MOGADISHU—Suspected Al-Shabaab militants have on Monday morning attacked telecommunication masts as the muti-faceted offensive against the outfit gains momentum.
Hormuud Telecom, the biggest telco firm in Somalia, reported that their station in Qaayib town, Galmudug region was downed. The locals said they heard “loud blasts” in the morning.
Immediately the blast went off, the network was disrupted, the locals said. “We had no way of knowing what happened until daybreak when we realised that the only mast in the area was attacked and broken beyond repair,” Mohamud Salah, 54, an elder who spoke to the press recounted.
“A vehicle laden with explosives rammed into our stations in Qayib. The attack caused total network outage that also affected EVC, the mobile money transfer system,” a statement by Hormuud Telecom said in part. It added that the outage affected over 14,000 of its customers in that area.
It’s with great sadness to inform our customers that a VBIED attack destroyed our site in Qaayib, a village in Galgudud region today.
Almost 14,000 people lost access to the company's services including EVC Plus, the only payment method in the area.
— Hormuud Telecom (@Hormuud) November 7, 2022
Local security experts believe this latest attack was meant to send a signal to other major firms operating in the country who “may be planning to join the State in decapitating their operation that they will suffer same fate.”
Last week, twin car bomb explosions near a busy junction in Somalia’s capital, Mogadishu, killed at least 100 people. Shortly, calls on telecommunication companies to aid the government in the fight against Shabaab rented the airwaves.
“Such attacks are probably a way of signaling to the likes of Hormuud that they should not begin to think of taking that route,” said Abdikani Jama, a peace and security analyst based in Mogadishu.
Since President Hassan Sheikh took the reigns, his administration has been leading an offensive against the group. Speaking on the sidelines of the of the United Nations General Assembly on September, Hassan said military actions against the group has not been fruitful for 15 years.

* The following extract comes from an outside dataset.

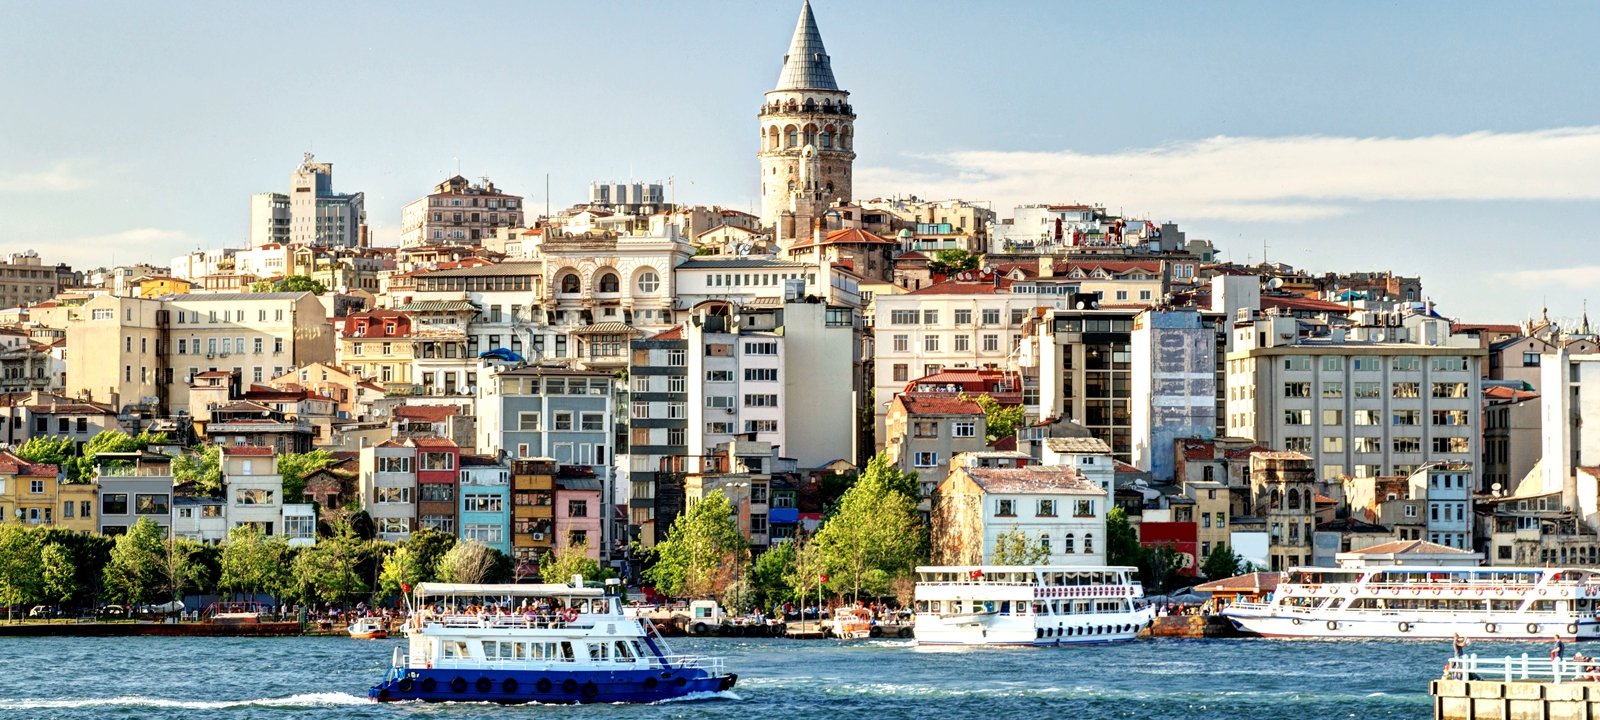 Как отправиться в круиз по Босфору в Стамбуле

“What is it that’s missing from our national and international security strategies? Where have we gone wrong? How do we fix this untenable situation that we were in for the last 15 years? Having survived three attempts on my own life by al-Shabaab, I do reflect on the matter of this vile group’s survival regularly and seriously,” the president stated during an open discussion orgernised by the Centre for Strategic and International Studies themed “Strengthening Somalia’s Security: A Conversation with H.E. President Hassan Sheikh Mohamud.”
The somali leader further suggested that the war against the militant group “would now shift from military to ideological and financial fronts.”

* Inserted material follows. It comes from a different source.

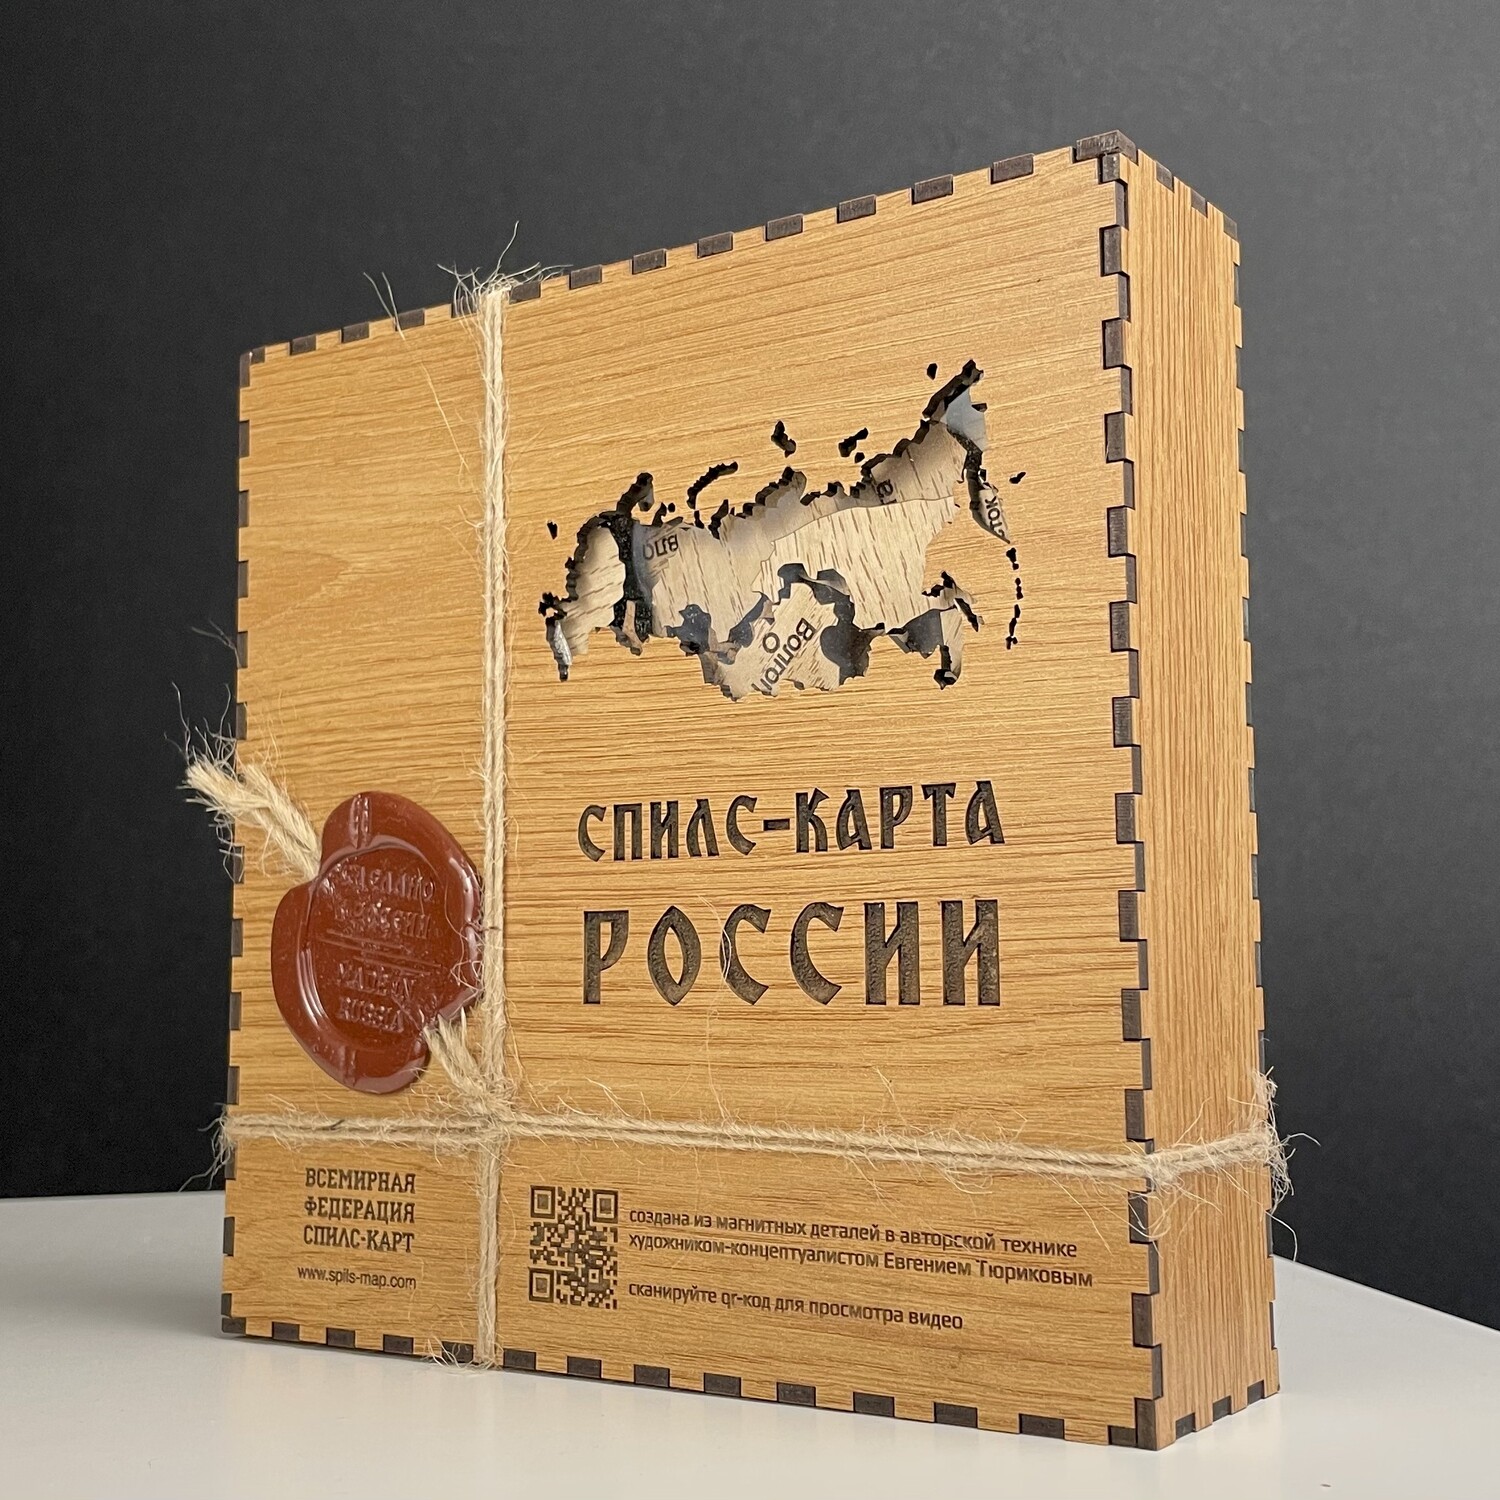 Cпилс-карта России в коробке с магнитной подложкой

Since then, it has been a government policy to significantly disrupt the group’s source of revenue by urging the local businesses—both small and multi-billion outlets—to resist the threats to wire money, saying it’s such resources that Al Shabab use to carry out their activities.
“The bombings were a message sent by the militants to show that they are still alive, despite the fact that they were defeated in battlefield by government forces,” President Hassan, who’s been in power for six months, said after last week’s Mogadishu twin bombings.